SOURCE DATA section start
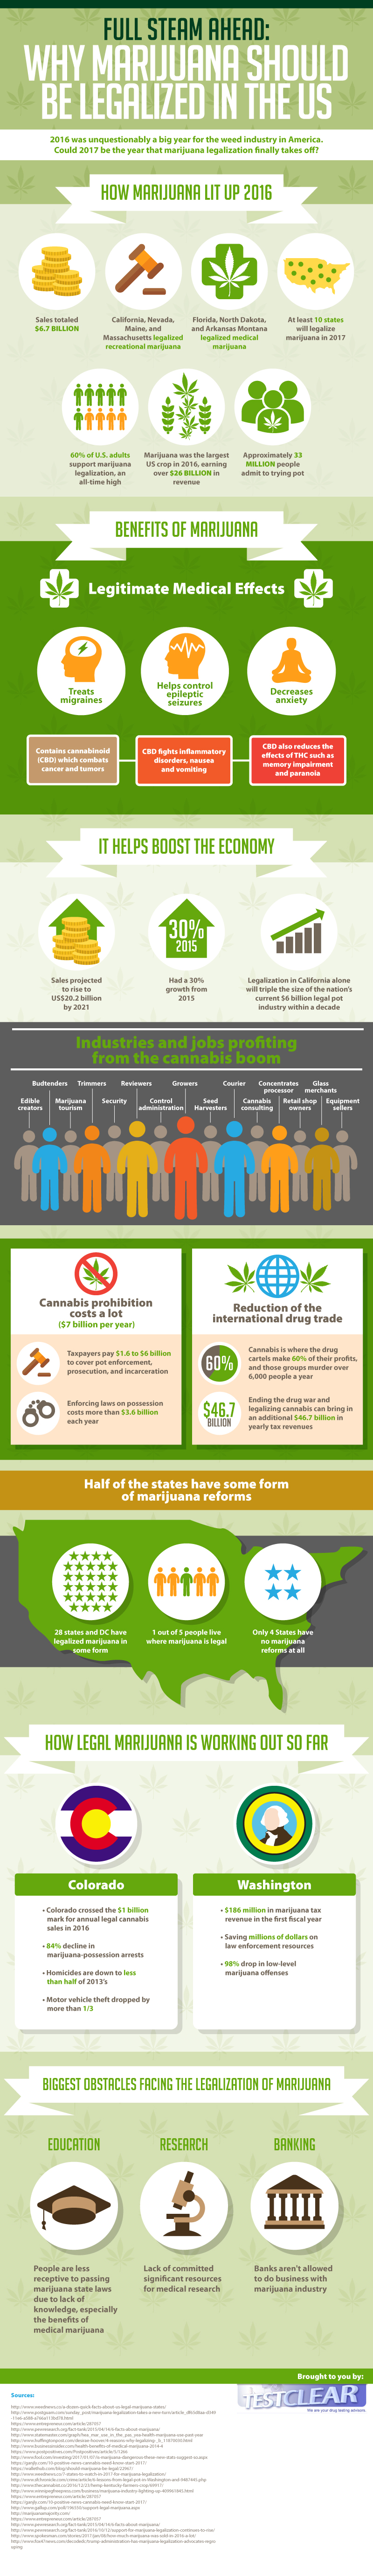 Marijuana Should Not Be Illegal In The US - Infographic
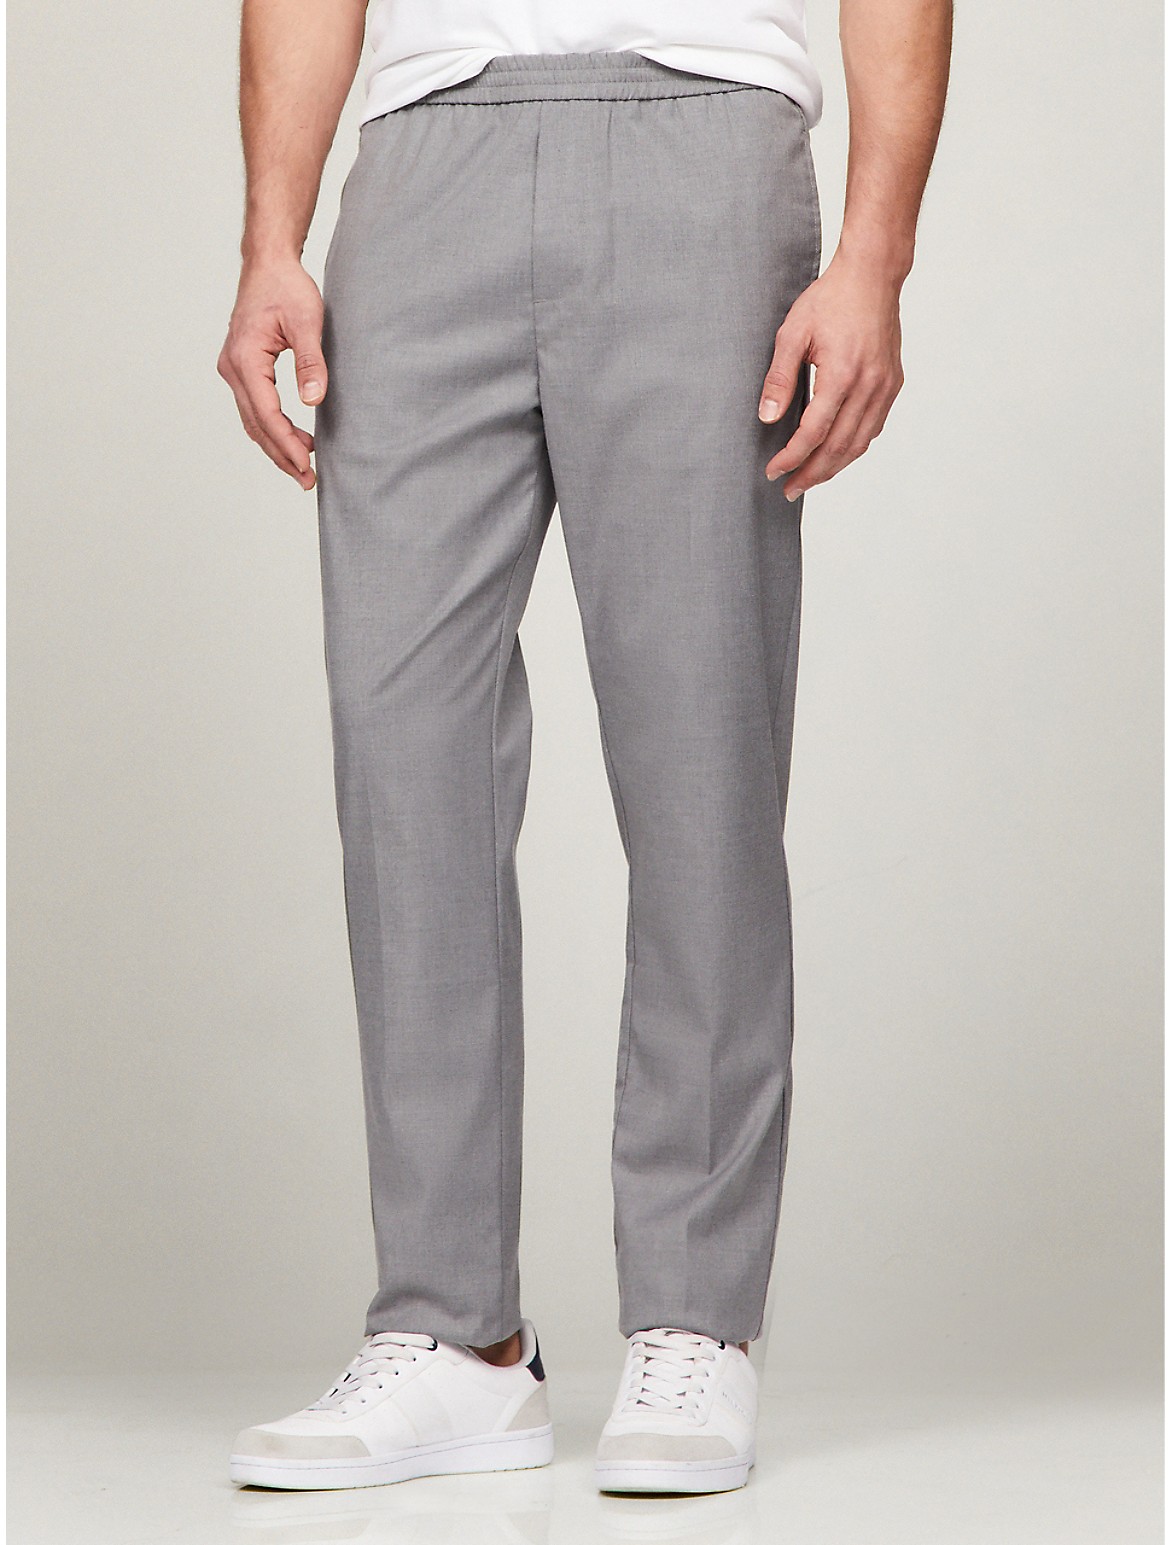 Tommy Hilfiger Regular Fit Solid Stretch Pant In Mid Grey Heather
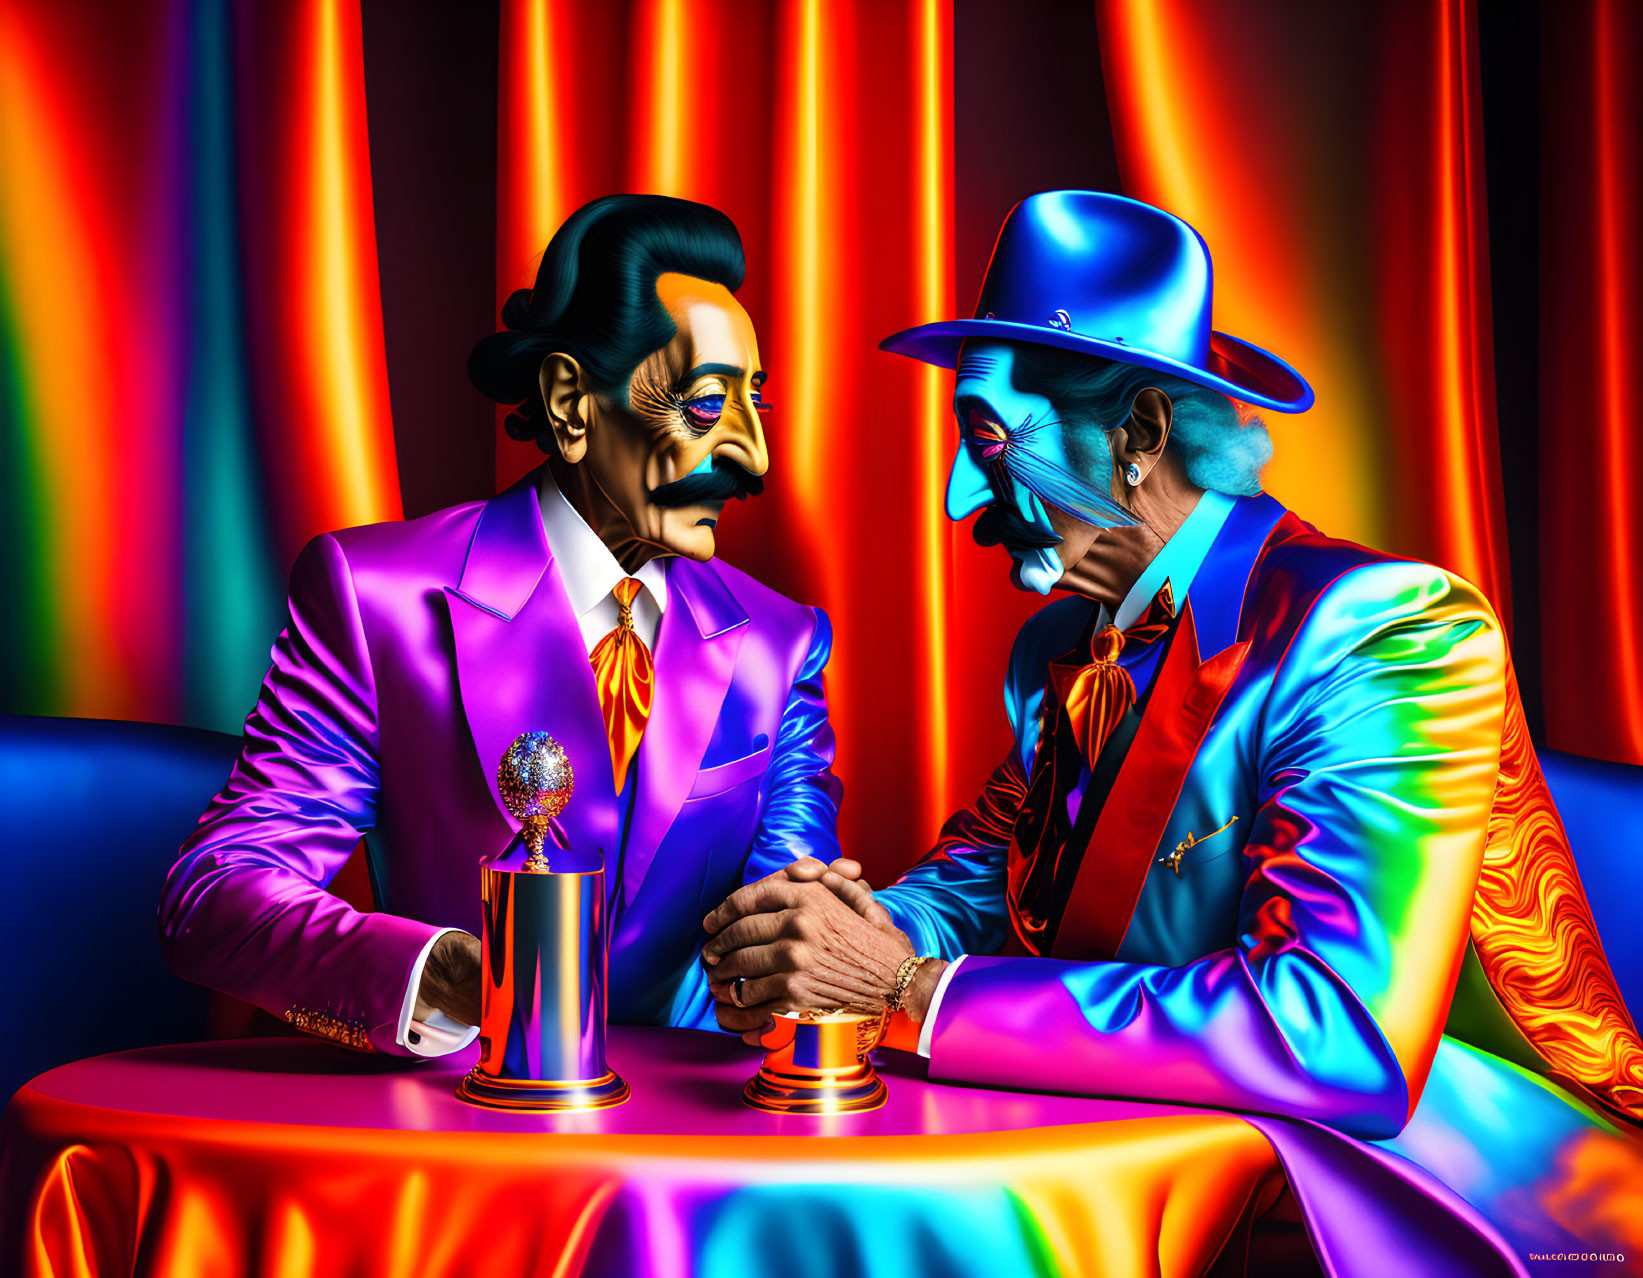 Colorful Caricatures Arm Wrestling Under Dramatic Lighting
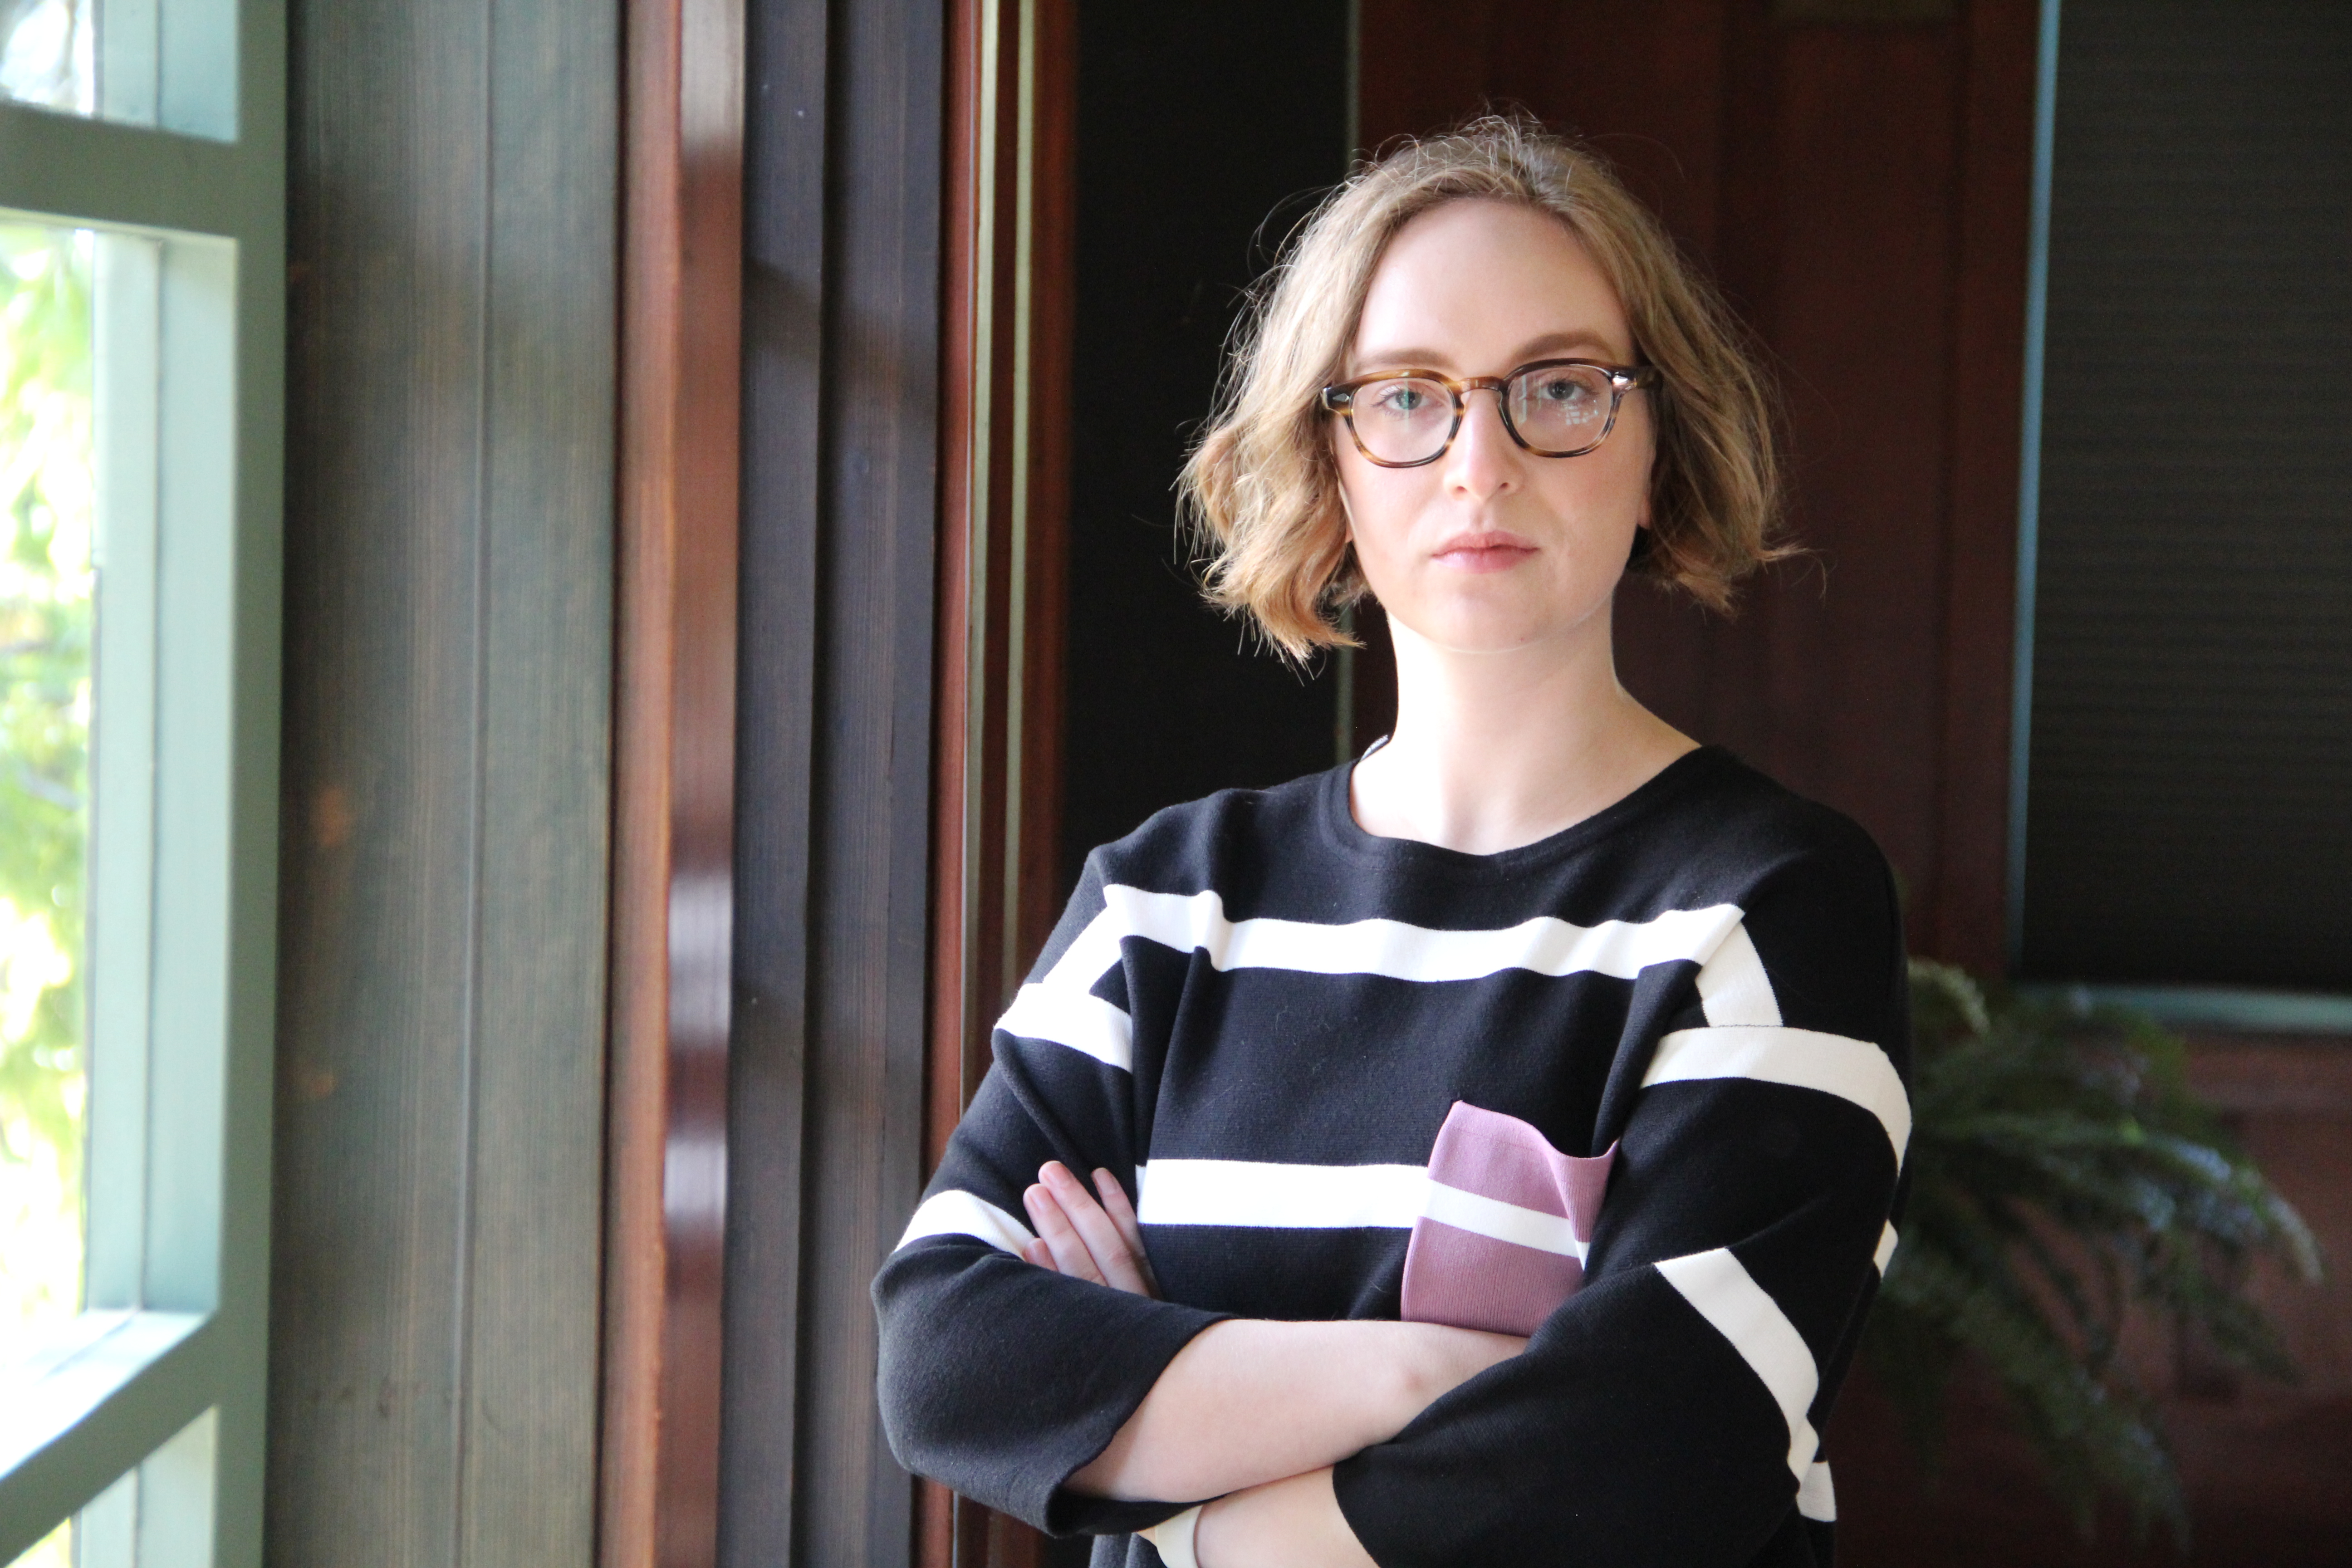 Sarah Powazek, program director of public interest security at the UC Berkeley Center for Long-Term Cybersecurity, looks at the camera with a serious expression on her face, her arms crossed.
SOURCE DATA section end
Recopy the full listing exactly, passing over any picture.

 Marijuana Should Not Be Illegal In The US - Infographic
 Tommy Hilfiger Regular Fit Solid Stretch Pant In Mid Grey Heather
 Colorful Caricatures Arm Wrestling Under Dramatic Lighting
 Sarah Powazek, program director of public interest security at the UC Berkeley Center for Long-Term Cybersecurity, looks at the camera with a serious expression on her face, her arms crossed.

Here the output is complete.